Day 2 (December 10, 2024)Sessions explored vector spaces, eigenvalues, and Singular Value Decomposition (SVD), emphasizing their applications in dimensionality reduction and data science. Practical demonstrations connected linear algebra concepts to modern ML algorithms.
Day 3 (December 11, 2024)Gradient Descent algorithms and their variants were highlighted, focusing on their role in optimizing ML models. Experts provided hands-on guidance on implementing these techniques for neural networks and large-scale datasets.

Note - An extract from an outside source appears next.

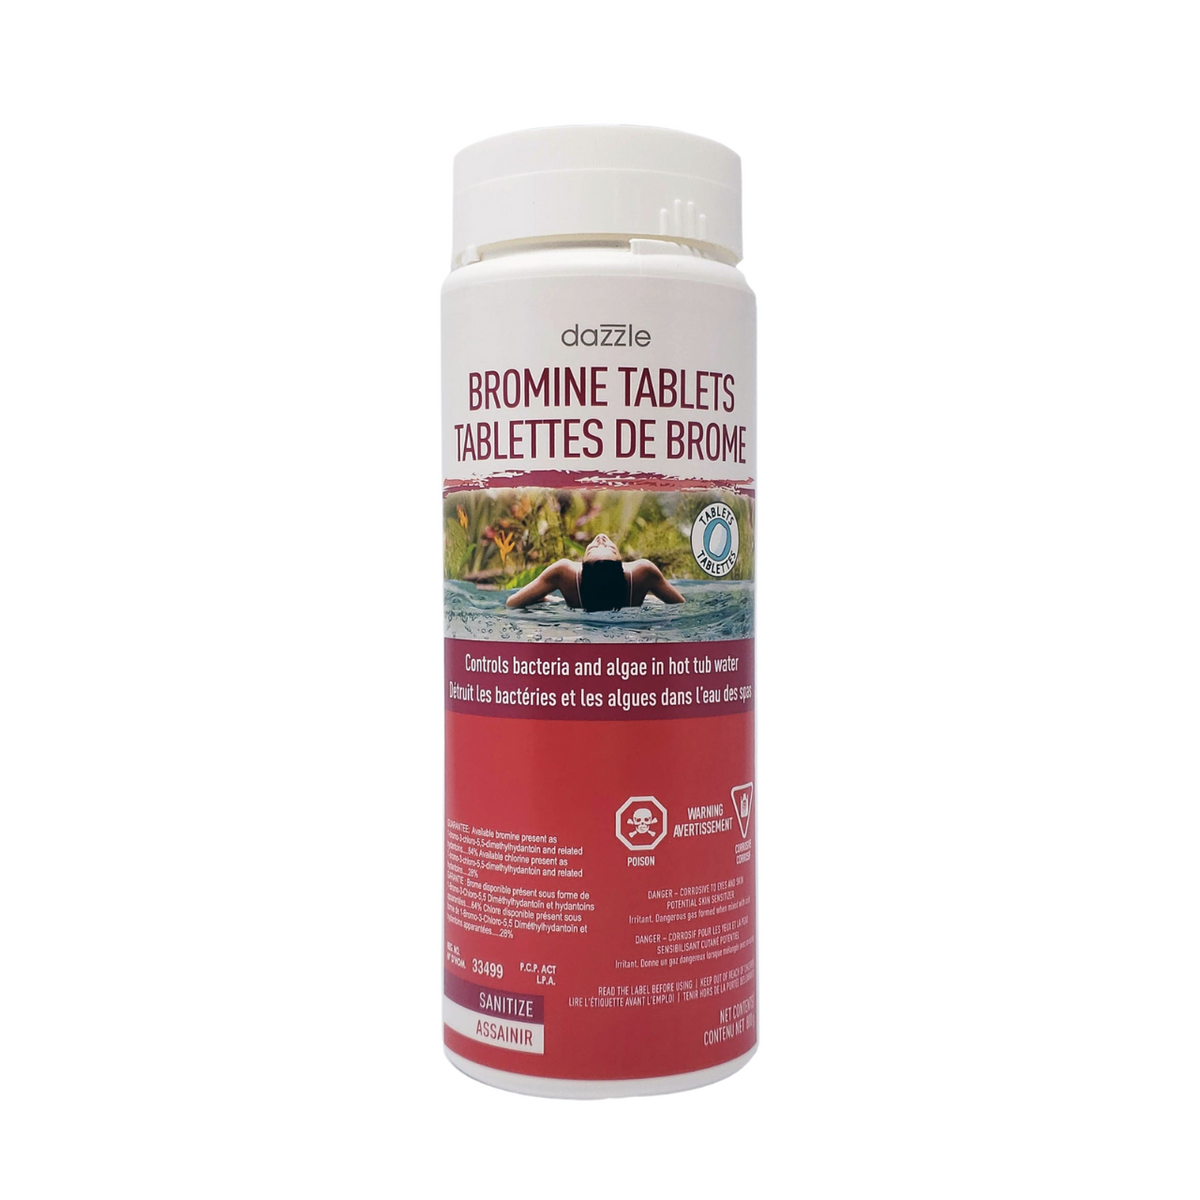 Dazzle™ Bromine Tablets - Controls bacteria and algae in hot tub water

Day 4 (December 12, 2024)Participants delved into probability and statistics in ML, covering Bayes’ Theorem, hypothesis testing, and statistical models. Real-world applications demonstrated how these concepts drive prediction and decision-making.
Day 5 (December 13, 2024)The program concluded with advanced topics like data-driven modeling for thermal and manufacturing systems. The closing ceremony celebrated achievements, with certificates distributed and inspiring feedback shared by participants and organizers.